Current countermeasure pod systems are not capable of deploying countermeasure devices at the rate or the quantity necessary to effectively defend against multiple manpad attacks. Currently, there is not a reusable lightweight package that is suitable for mounting on a number of aircraft types which contains all of the components necessary to rapidly deploy IRCM and RFCM devices. A low cost countermeasure dispensing system interfaced to an aircraft's digital countermeasure suite that is easily modified is not currently available.
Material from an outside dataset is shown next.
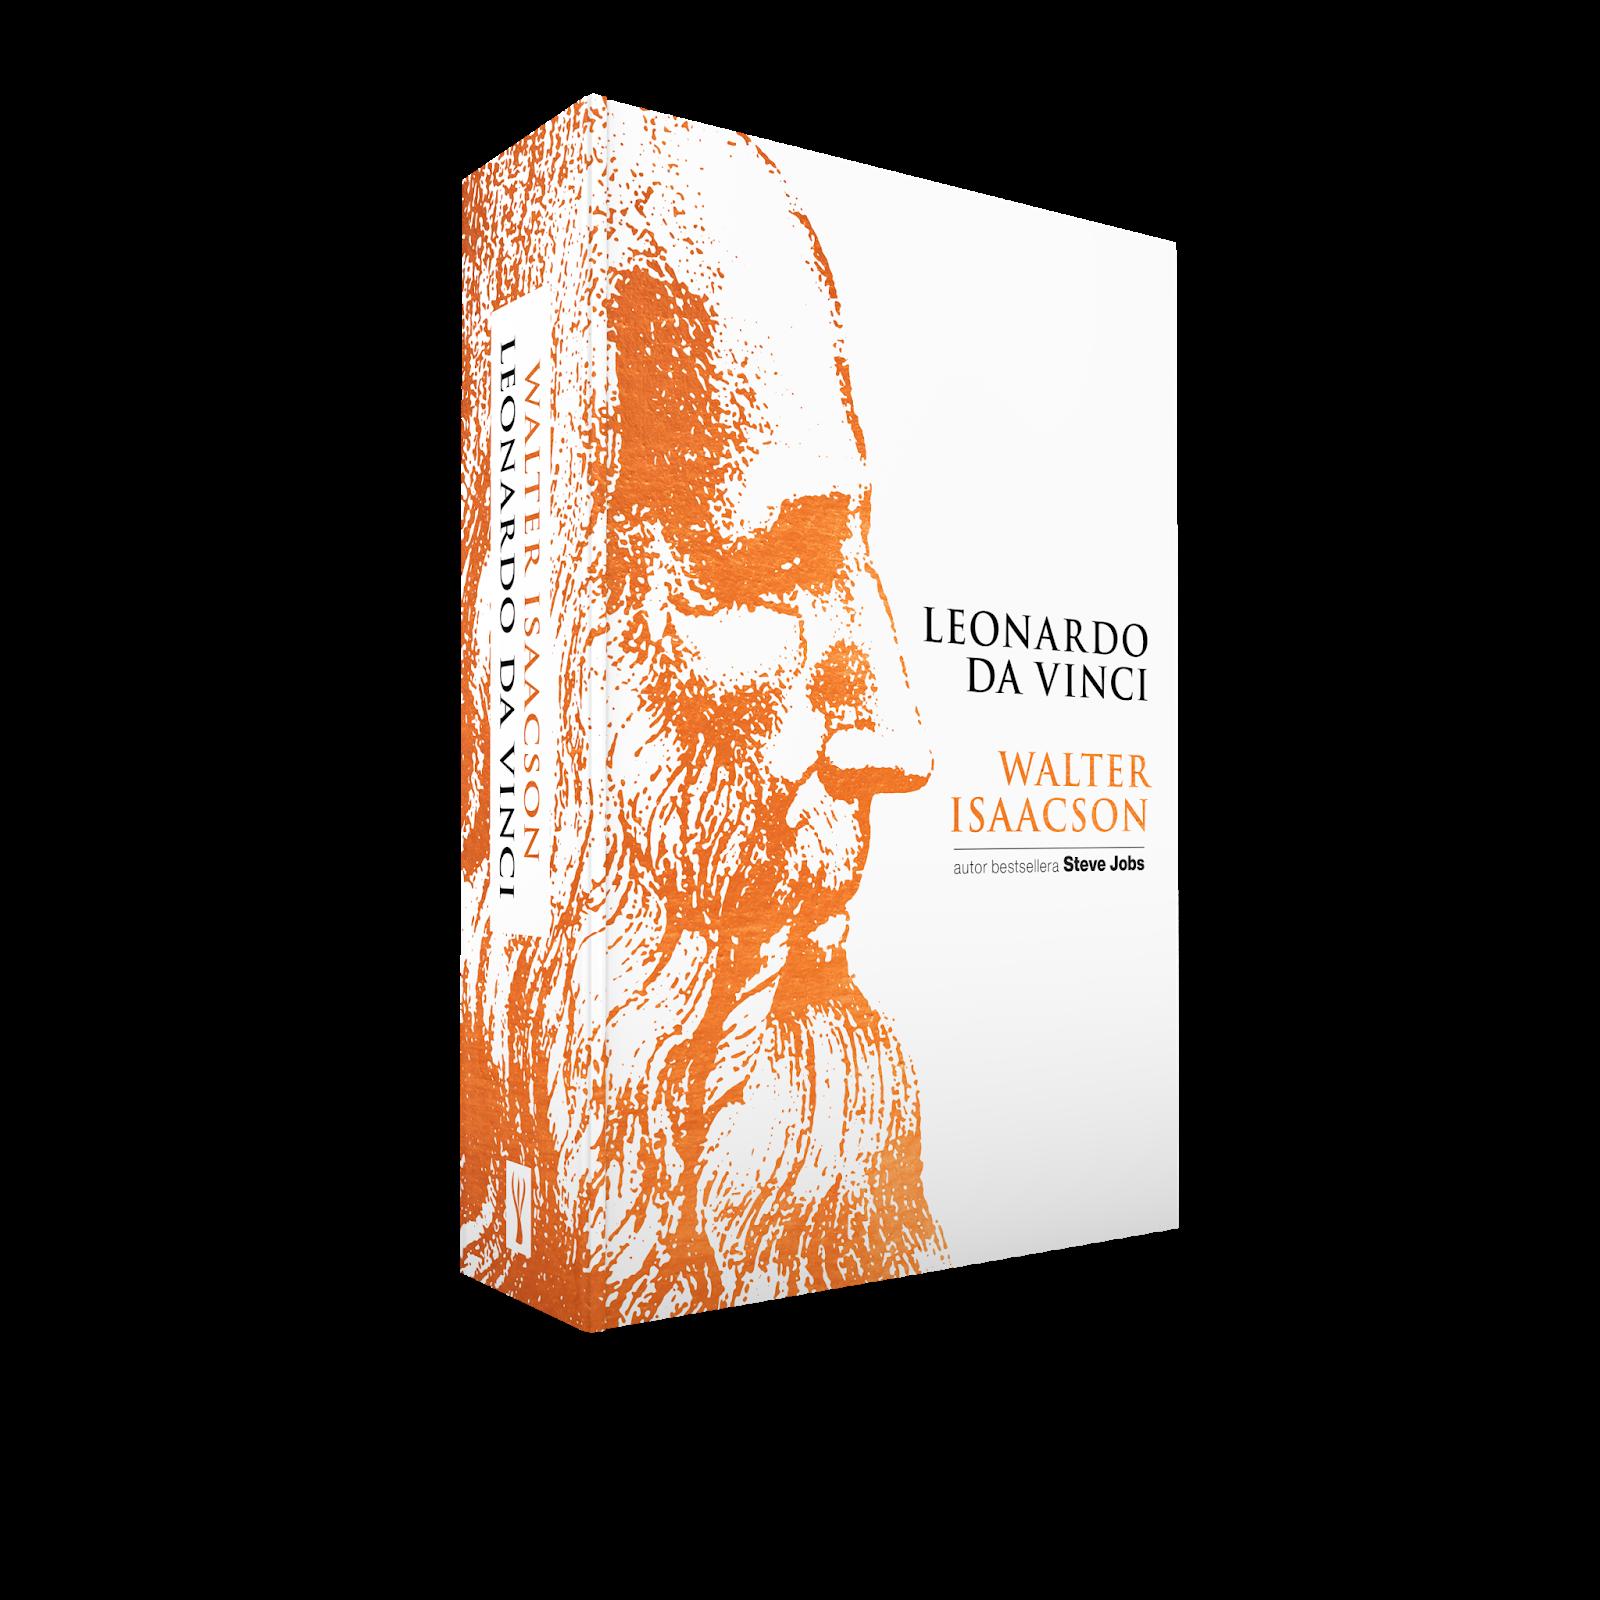 Leonardo da Vinci – geniusz, wizjoner, zwykły człowiek. Wyjątkowa książka Waltera Isaacsona już wkrótce w Polsce!

Given the current manpad threat to civilian aviation this invention is suitable for installation on both commercial and private aircraft.

The preferred embodiment is a reusable compact lightweight pod containing a digital interface to communicate with an aircraft detection system, countermeasure dispenser sequencers, a number of countermeasure dispensers and is configured to be mounted on a number of aircraft without modifying the pod or the aircraft.

The pod container which houses the countermeasure dispensing components is externally configured with a number of aircraft mounting lugs. The availability of multiple types of mounting lugs allows the pod to be mounted to a wide variety of aircraft without modifications. The pod container is aerodynamic having a missile shaped body fitted with a nose cone and a tail section. The pod is built with internal structural components and compartments that support internal mounting of the countermeasure dispensing components.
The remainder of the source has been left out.